_DATA EXCERPT_:
______

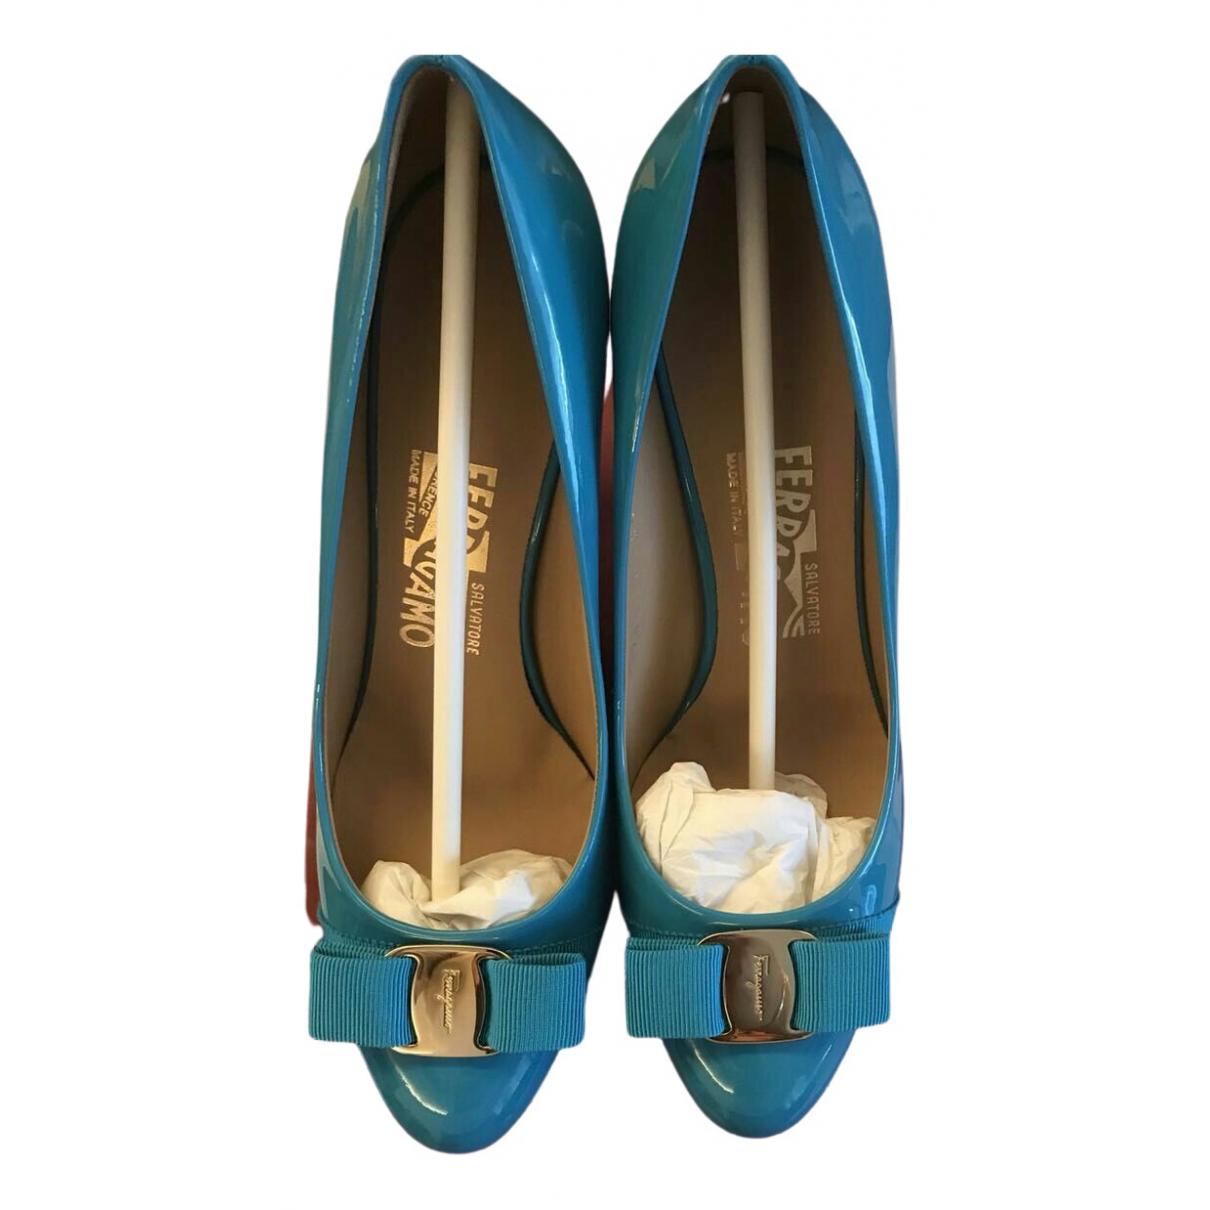 Salvatore Ferragamo \N Blue Patent leather Heels for Women 7 US
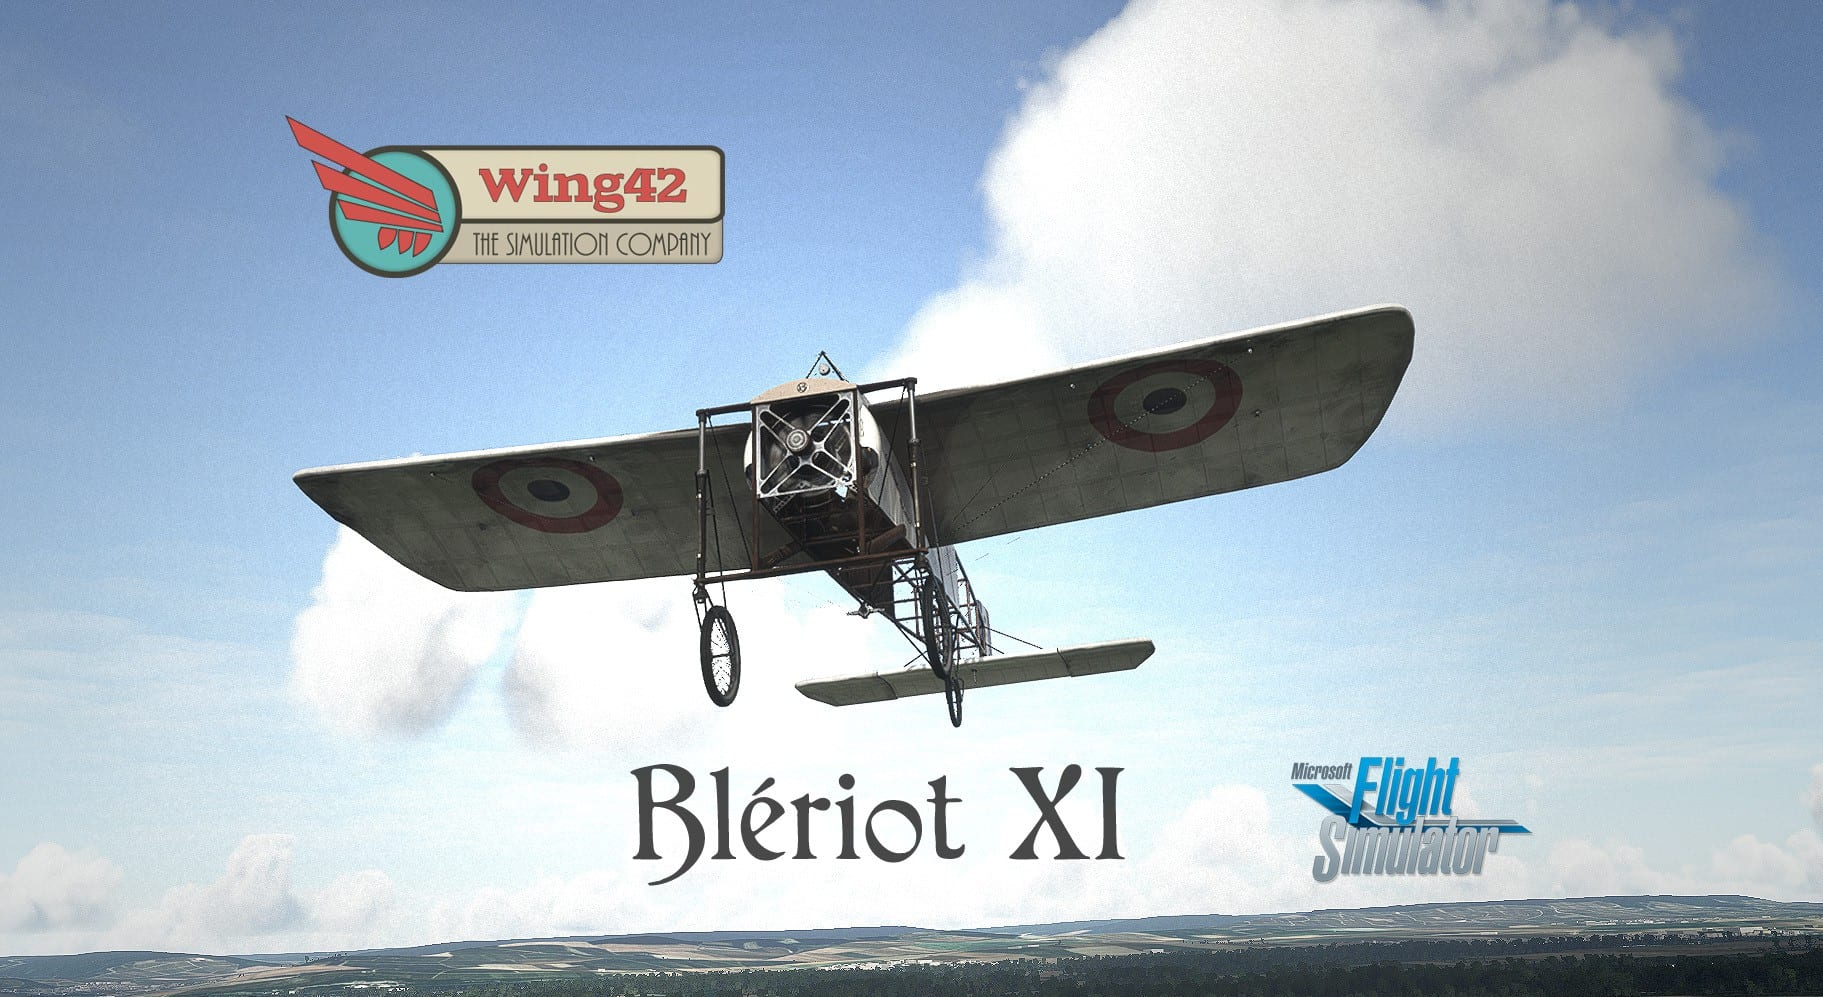 Microsoft Flight Simulator, Bleriot XI
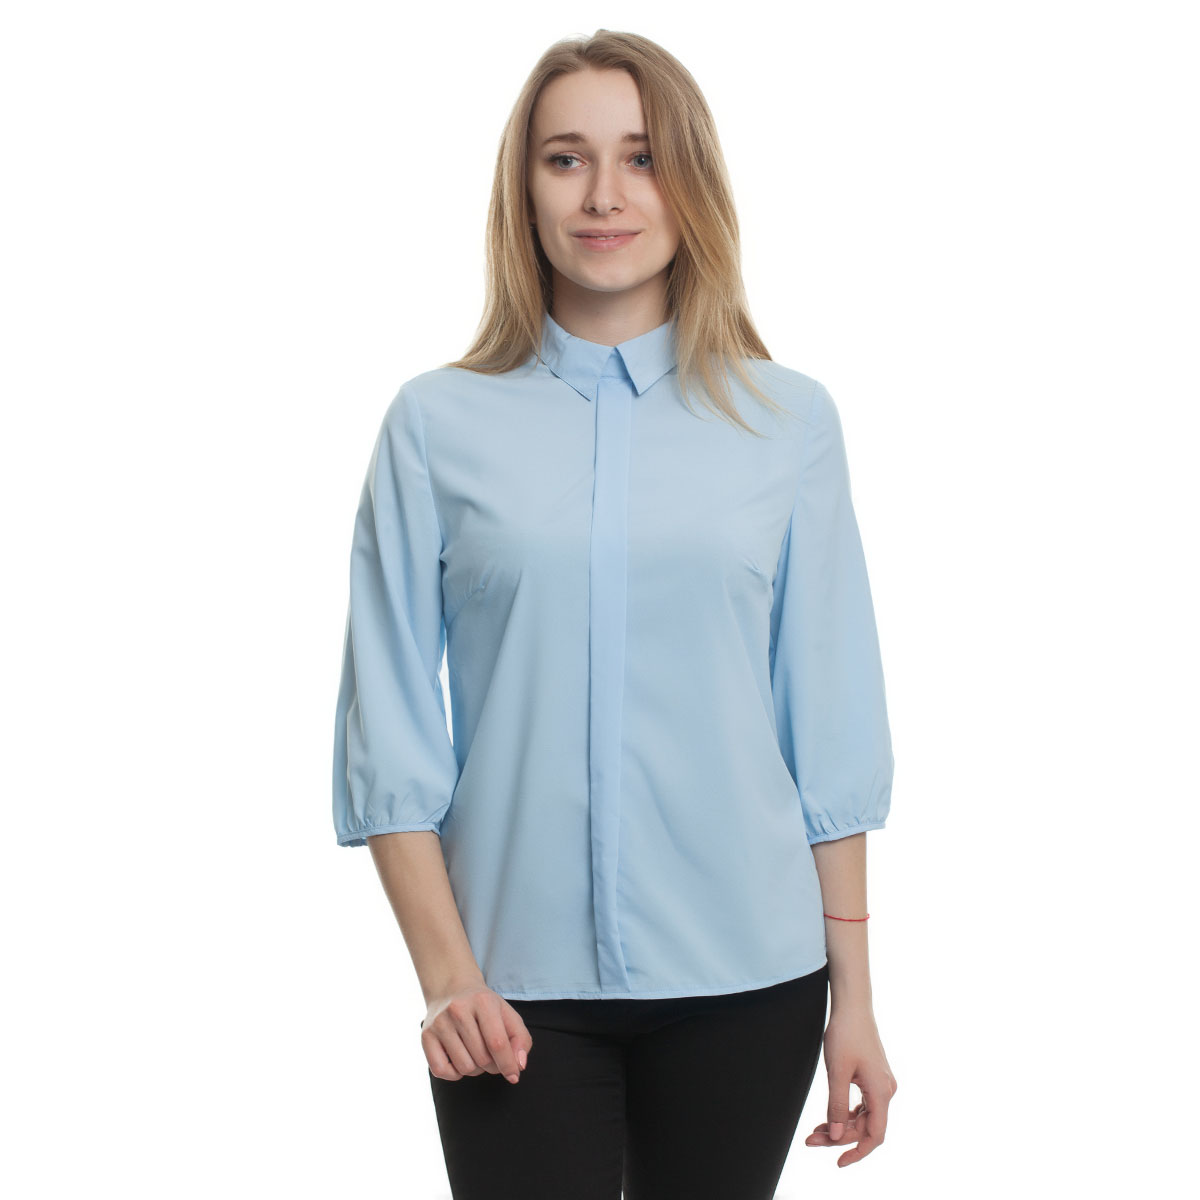 Фото - Блузка Sevenext, 262 блузка женская oodji collection цвет светло зеленый белый 21412132 2b 24681 6010g размер 44 170 50 170
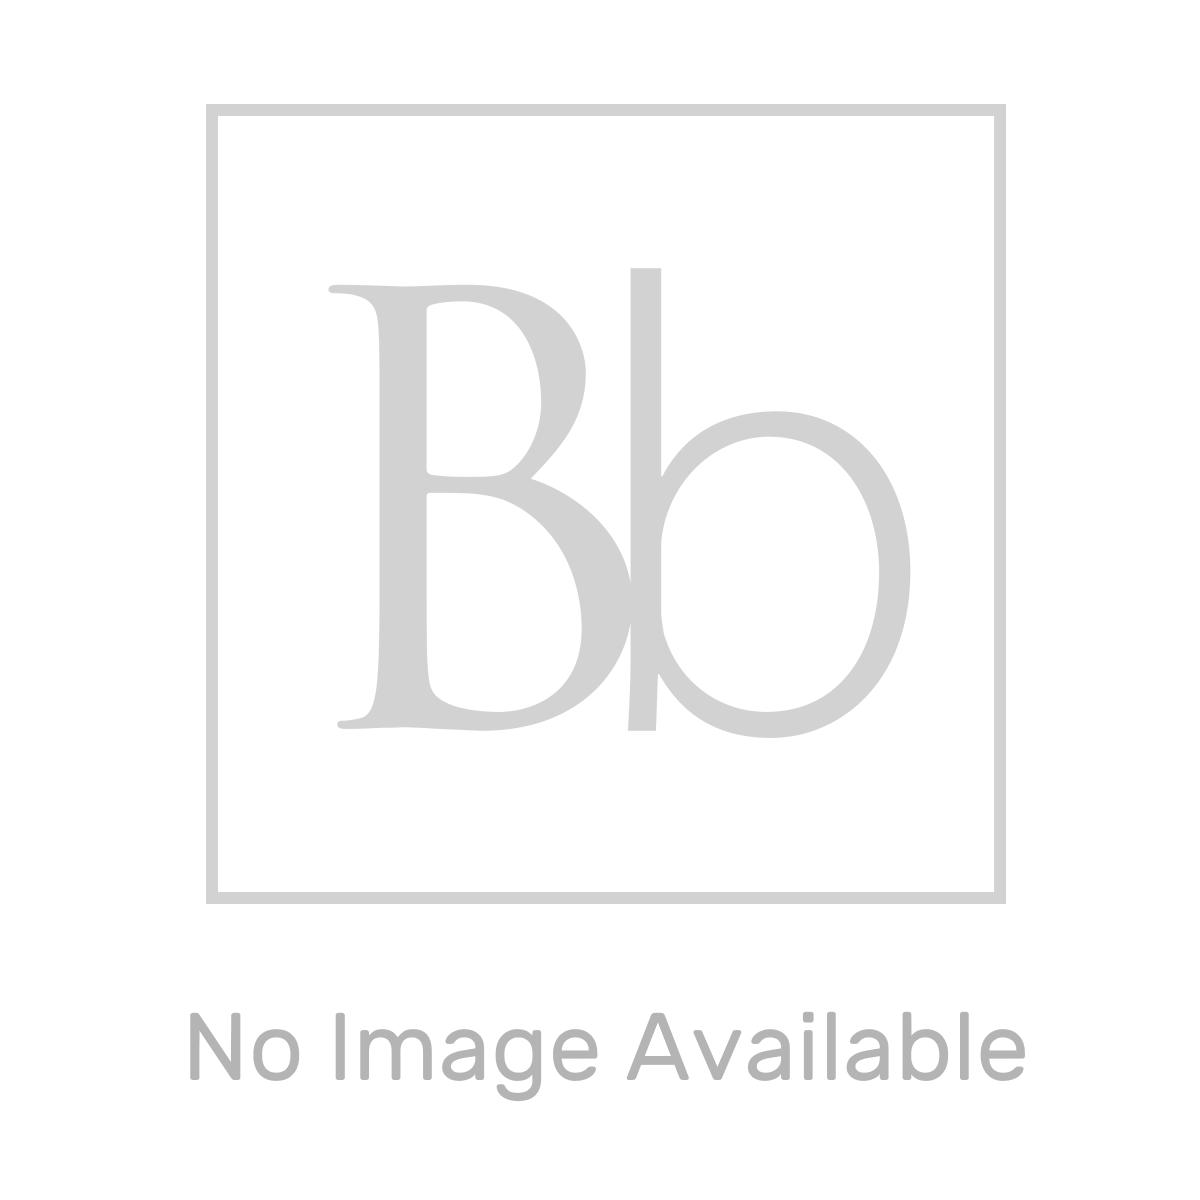 Tavistock Alpine Soft Close Thermoset Toilet Seat in White

______

Write the material above out again exactly as it reads, but don't carry over the pictures.

_RESULT OF THE EXERCISE_:
 Salvatore Ferragamo \N Blue Patent leather Heels for Women 7 US
 Microsoft Flight Simulator, Bleriot XI
 Фото - Блузка Sevenext, 262 блузка женская oodji collection цвет светло зеленый белый 21412132 2b 24681 6010g размер 44 170 50 170
 Tavistock Alpine Soft Close Thermoset Toilet Seat in White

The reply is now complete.